→ **What you are asked to do**
Your task is to output the listing exactly, leaving every image out.

→ **Exercise data**
=-=-=

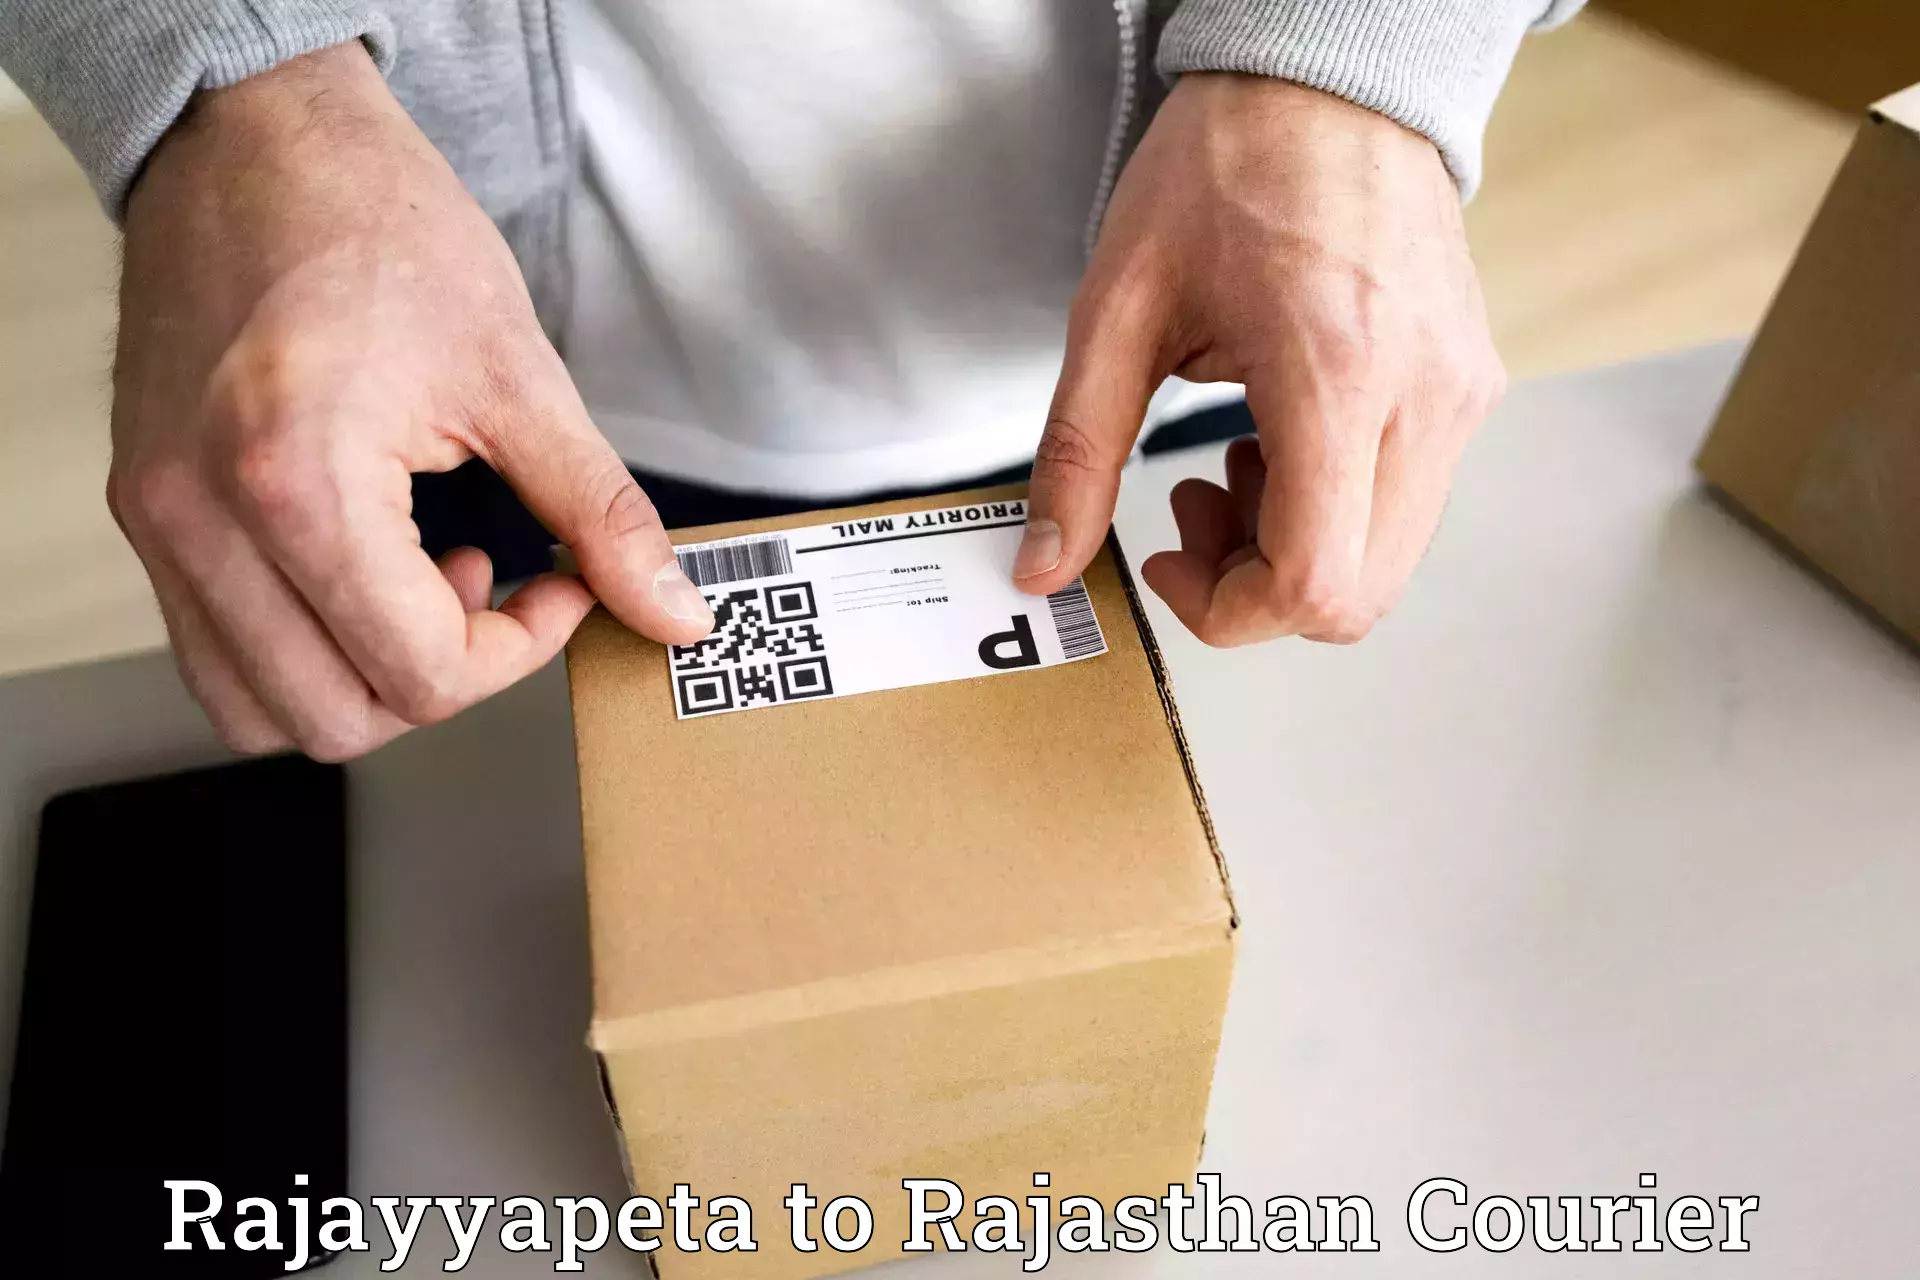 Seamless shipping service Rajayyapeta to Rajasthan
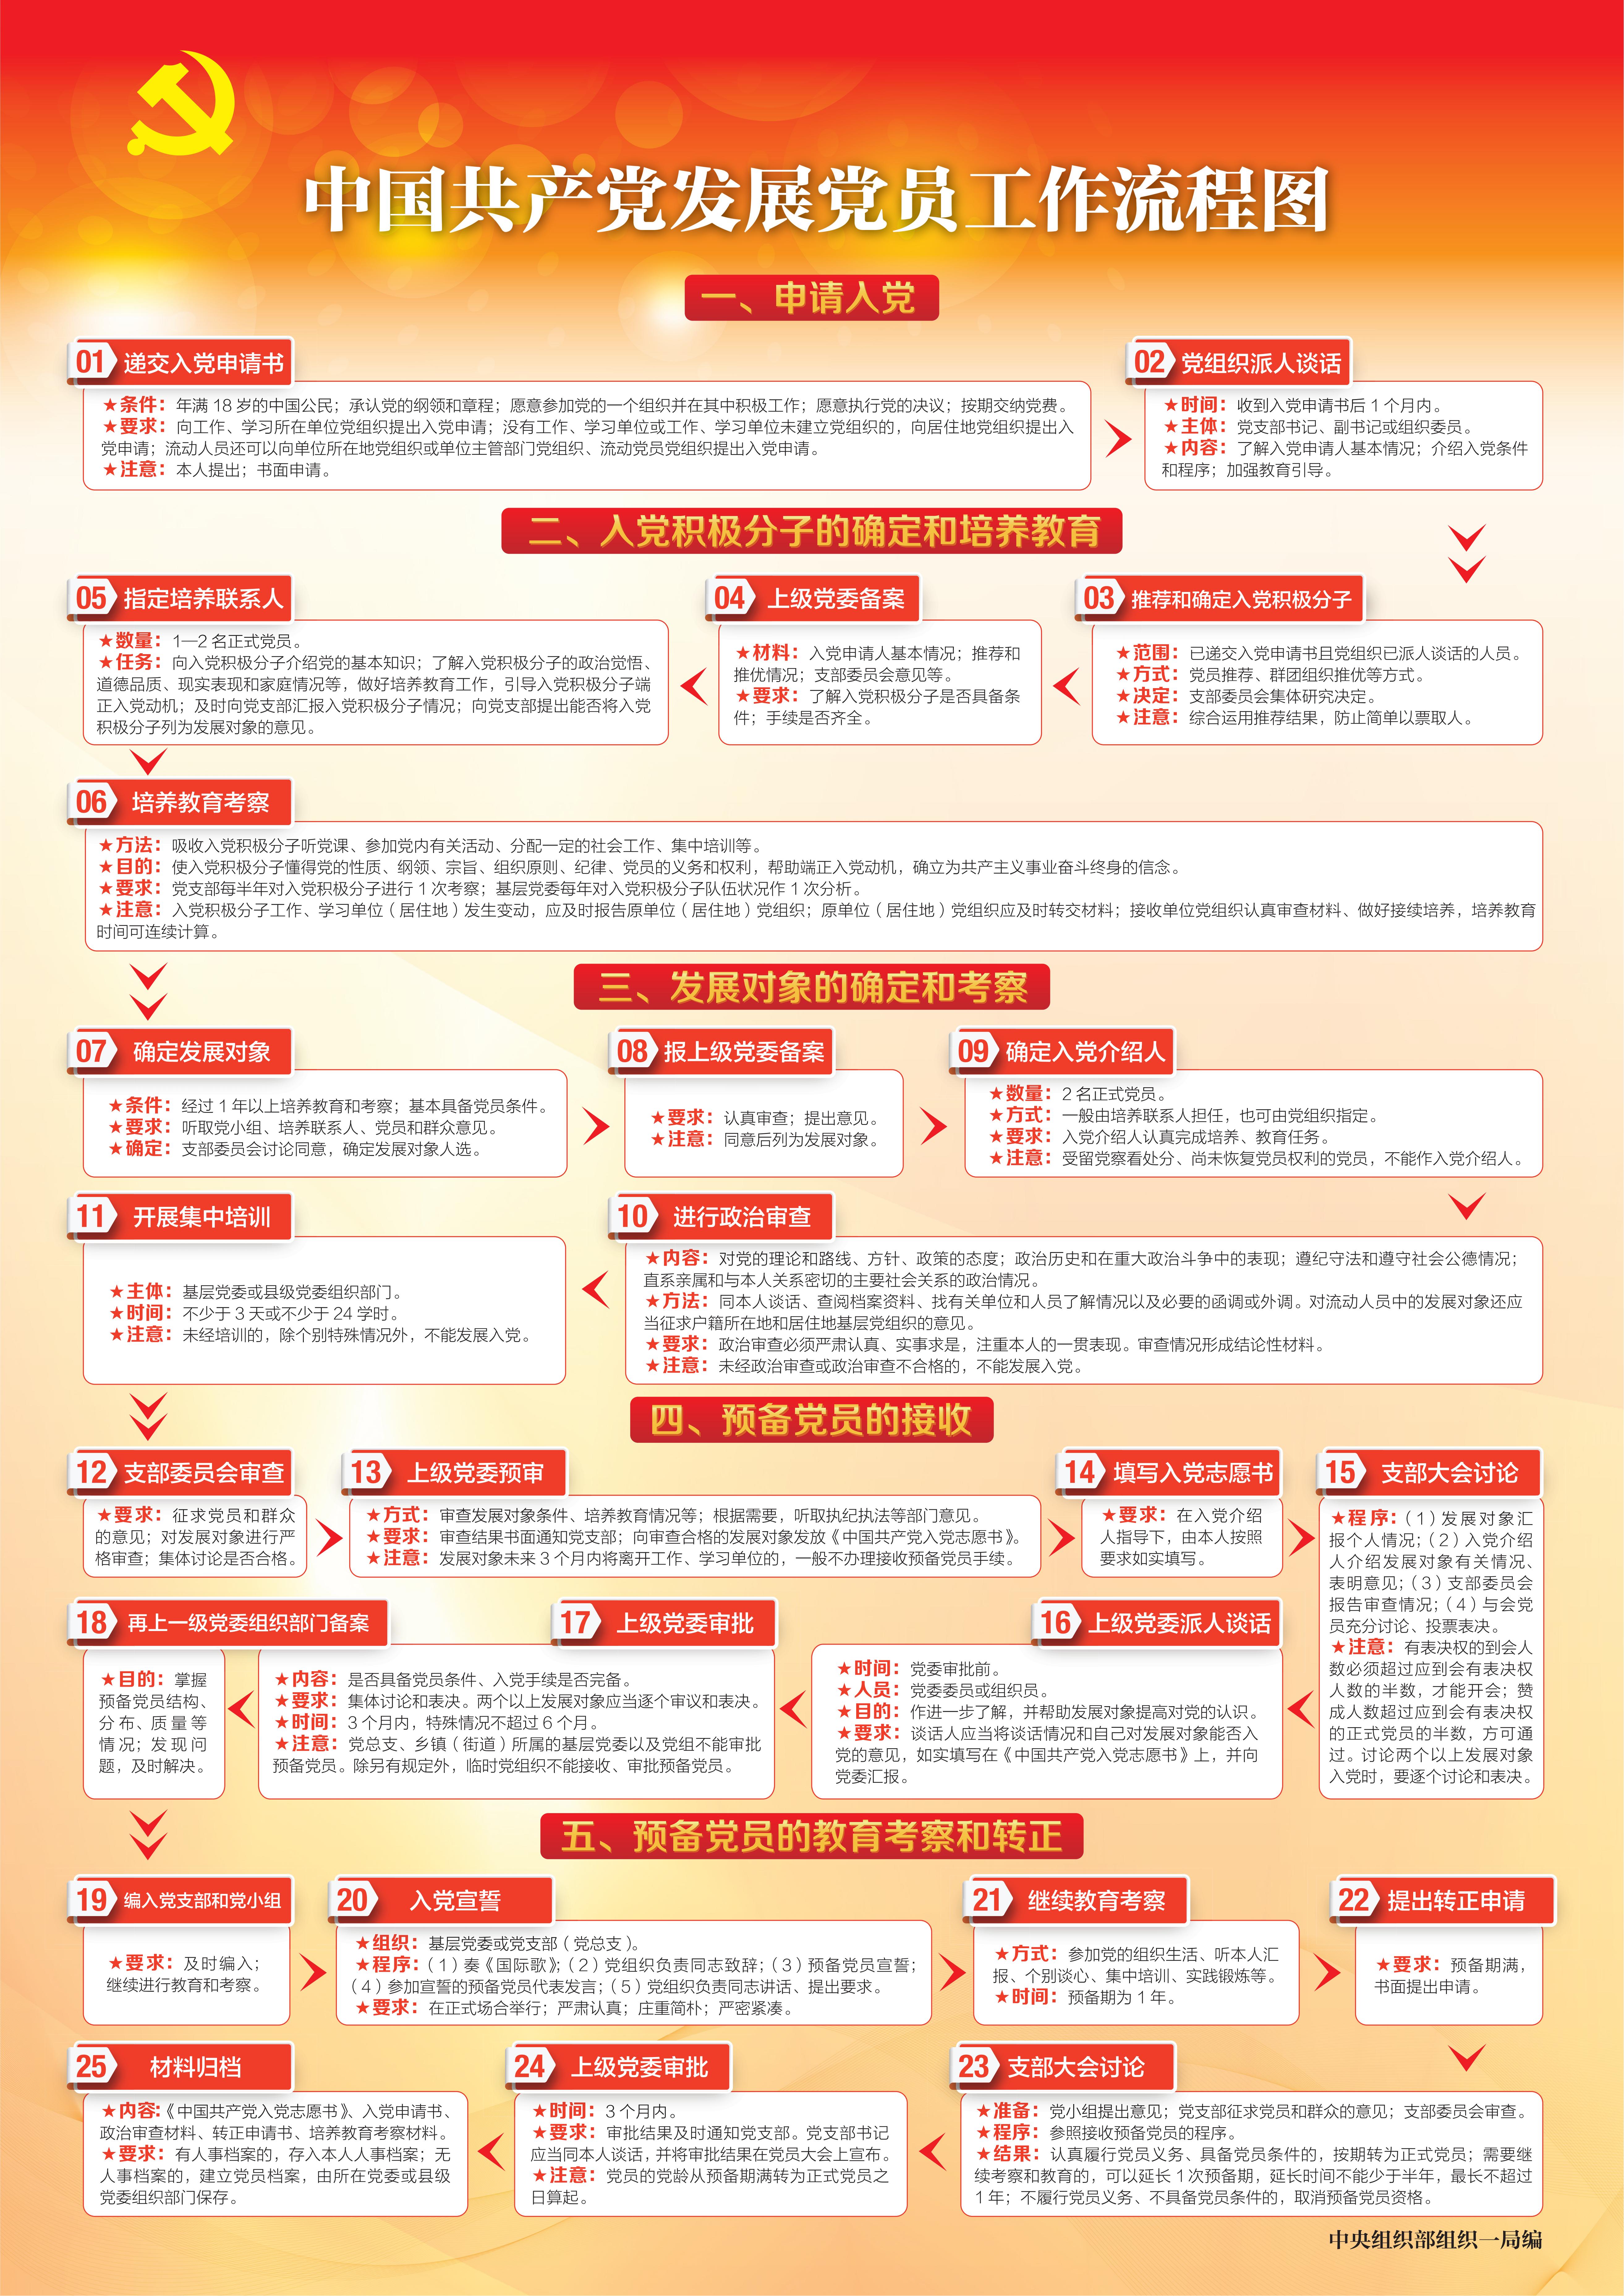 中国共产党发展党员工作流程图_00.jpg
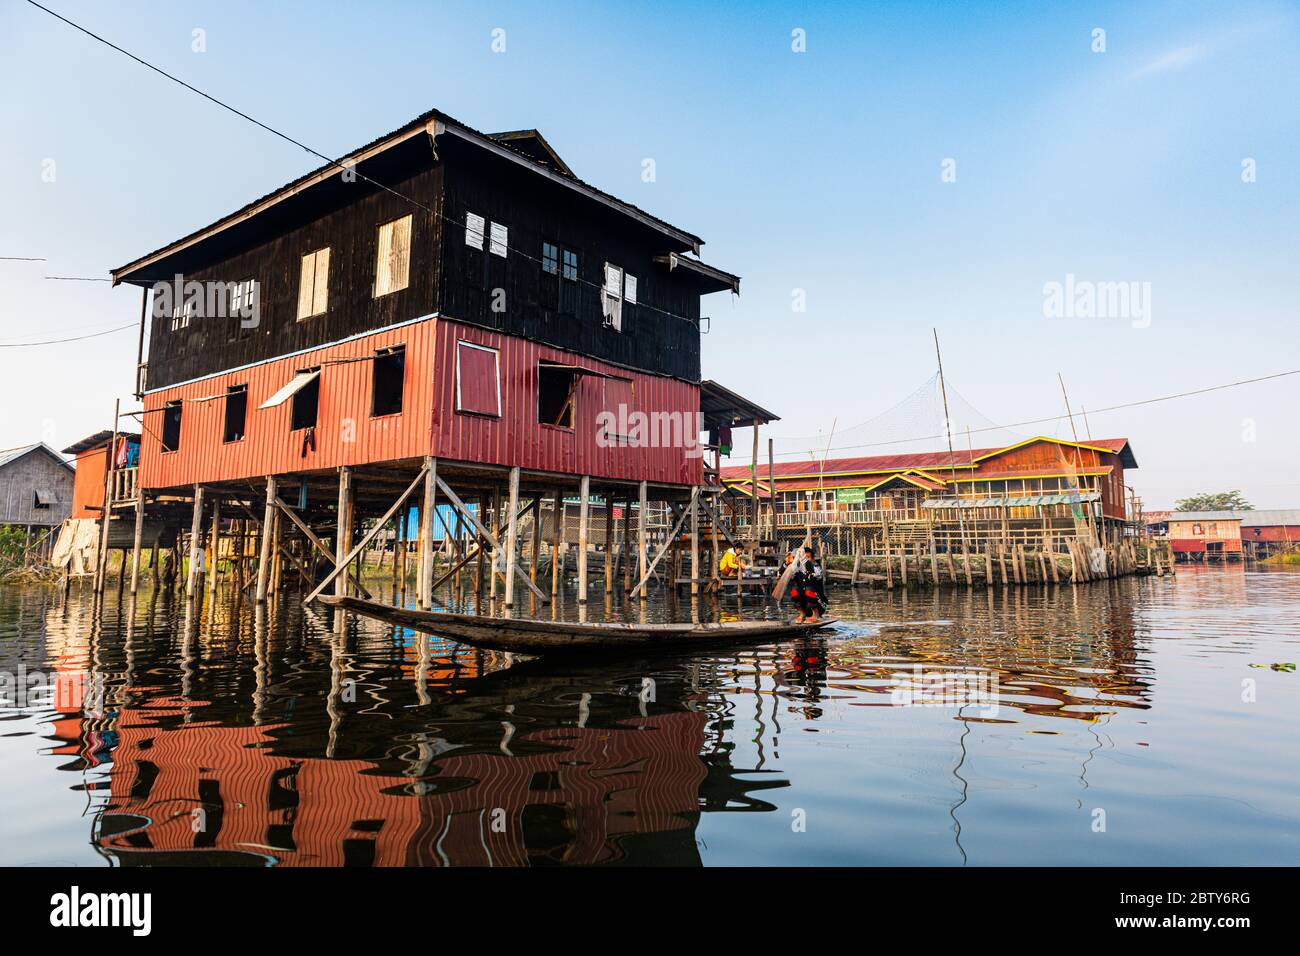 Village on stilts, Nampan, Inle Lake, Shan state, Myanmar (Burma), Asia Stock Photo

=-=-=

→ **Final answer**
 Seamless shipping service Rajayyapeta to Rajasthan
 中国共产党发展党员工作流程图_00.jpg
 Village on stilts, Nampan, Inle Lake, Shan state, Myanmar (Burma), Asia Stock Photo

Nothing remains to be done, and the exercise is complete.